February 7, 2005 (PLANSPONSOR.com) - Morningstar has unveiled an equity grading system to evaluate how often companies align their corporate concerns with shareholders' interests.

A Morningstar news release said Morningstar Stewardship Grades are designed to help individual investors evaluate a company’s financial transparency, shareholder friendliness, management incentives and ownership, as well as overall corporate stewardship of investors’ capital.

The announcement said that Morningstar analysts have assigned grades ranging from “A” (best) to “F” (worst) to 500 of the largest and most widely held stocks. Eventually, Morningstar analysts will assign grades to the more than 1,500 stocks.

The Morningstar Stewardship Grade for stocks follows the company’s launch last year of a new grading system for mutual funds designed to help individual investors identify funds that do a good job of aligning their interests with those of fund shareholders.

“Meaningful information about a company’s stewardship practices is very difficult for individual investors to find and interpret,” said Patrick Dorsey, director of stock analysis for Morningstar, in the announcement. “Too often, this kind of research is only available to large institutional investors. Our goal is to give individual investors direct access to the type of information that can help them identify management teams that put shareholders first.”
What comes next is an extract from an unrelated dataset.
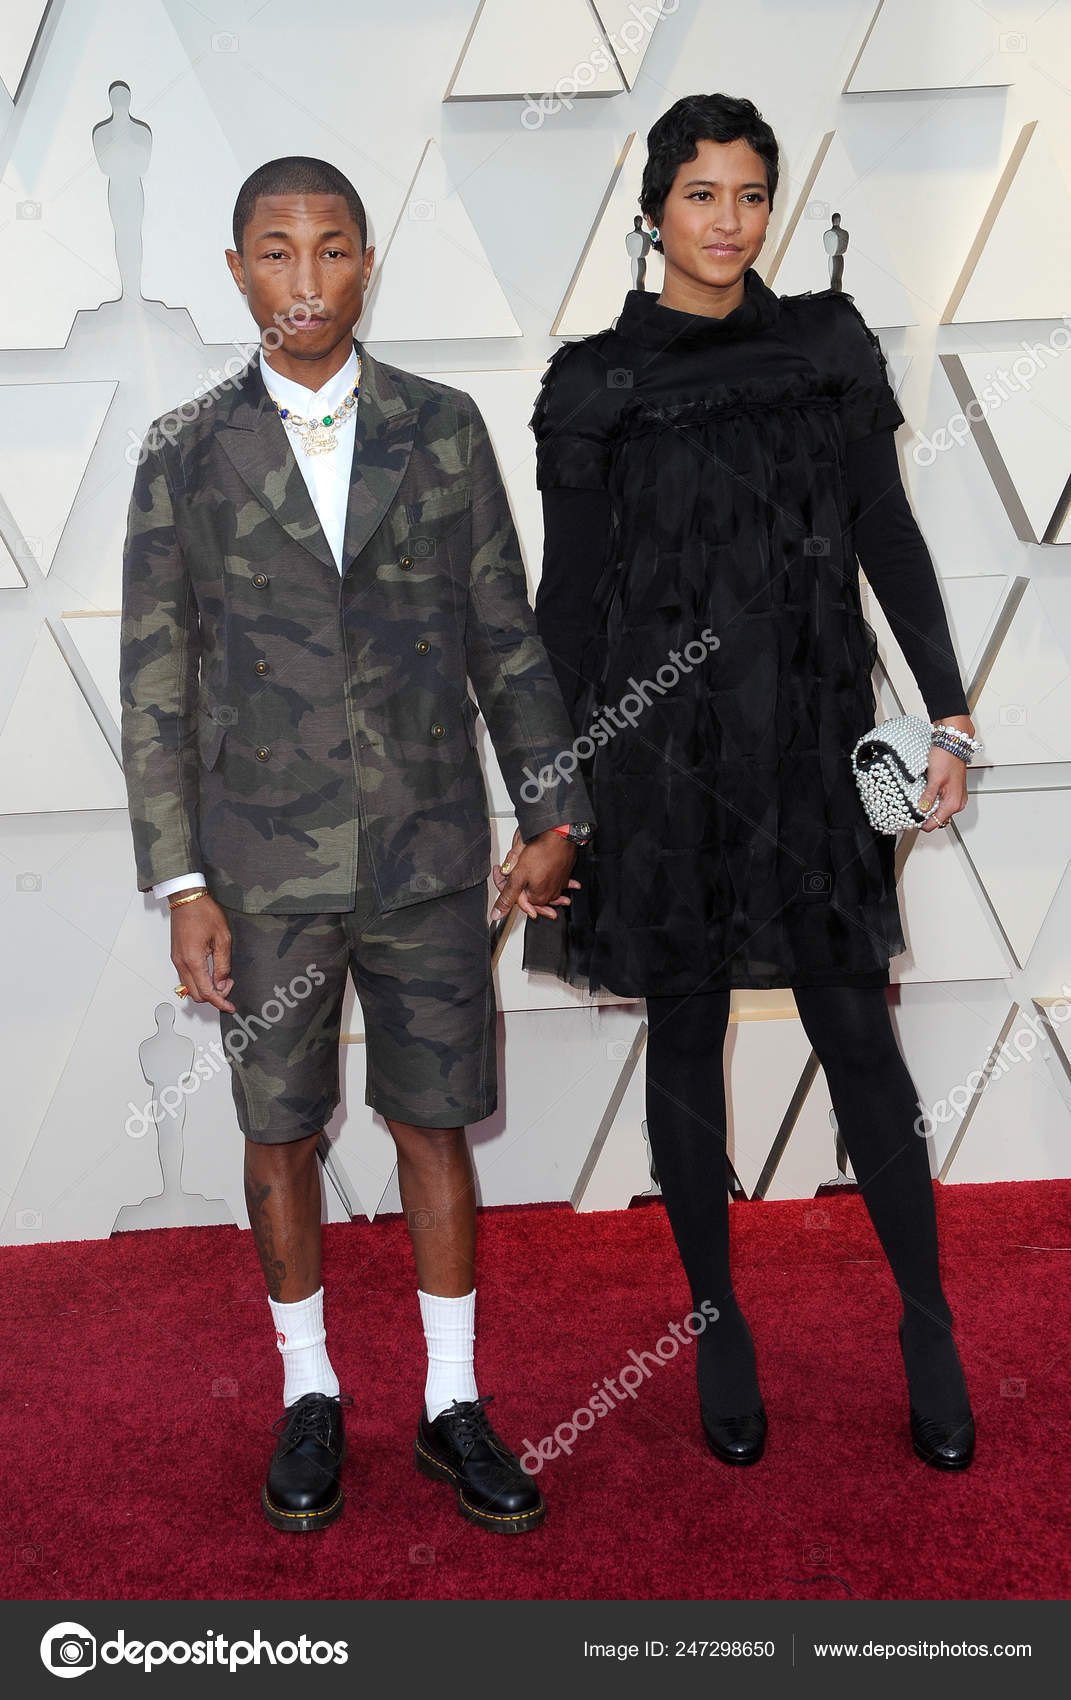 Helen Lasichanh, Pharrell Williams 199 at the 57th Annual GRAMMY Awards at  the Staples Center in Los Angeles. February 8, 2015.Helen Lasichanh, Pharrell  Williams 199 ------------- Red Carpet Event, Vertical, USA, Film

Morningstar stock analysts base the Stewardship Grades on public filings, previous management actions, conversations with company officials and their own expertise. The grades address three broad categories:

  • a company’s accounting practices and financial disclosure, aiming to identify firms that provide investors with insufficient or potentially misleading information.
  • the power of shareholders relative to management, evaluating the firm’s share-class structure and assignment of CEO and board chair roles and noting the existence of any takeover defenses or related-party transactions.
  • whether management’s incentives are aligned with shareholders’ interests. Morningstar analysts penalize those firms that change management goals midstream, issue too many options, overcompensate executives, or have low levels of equity ownership.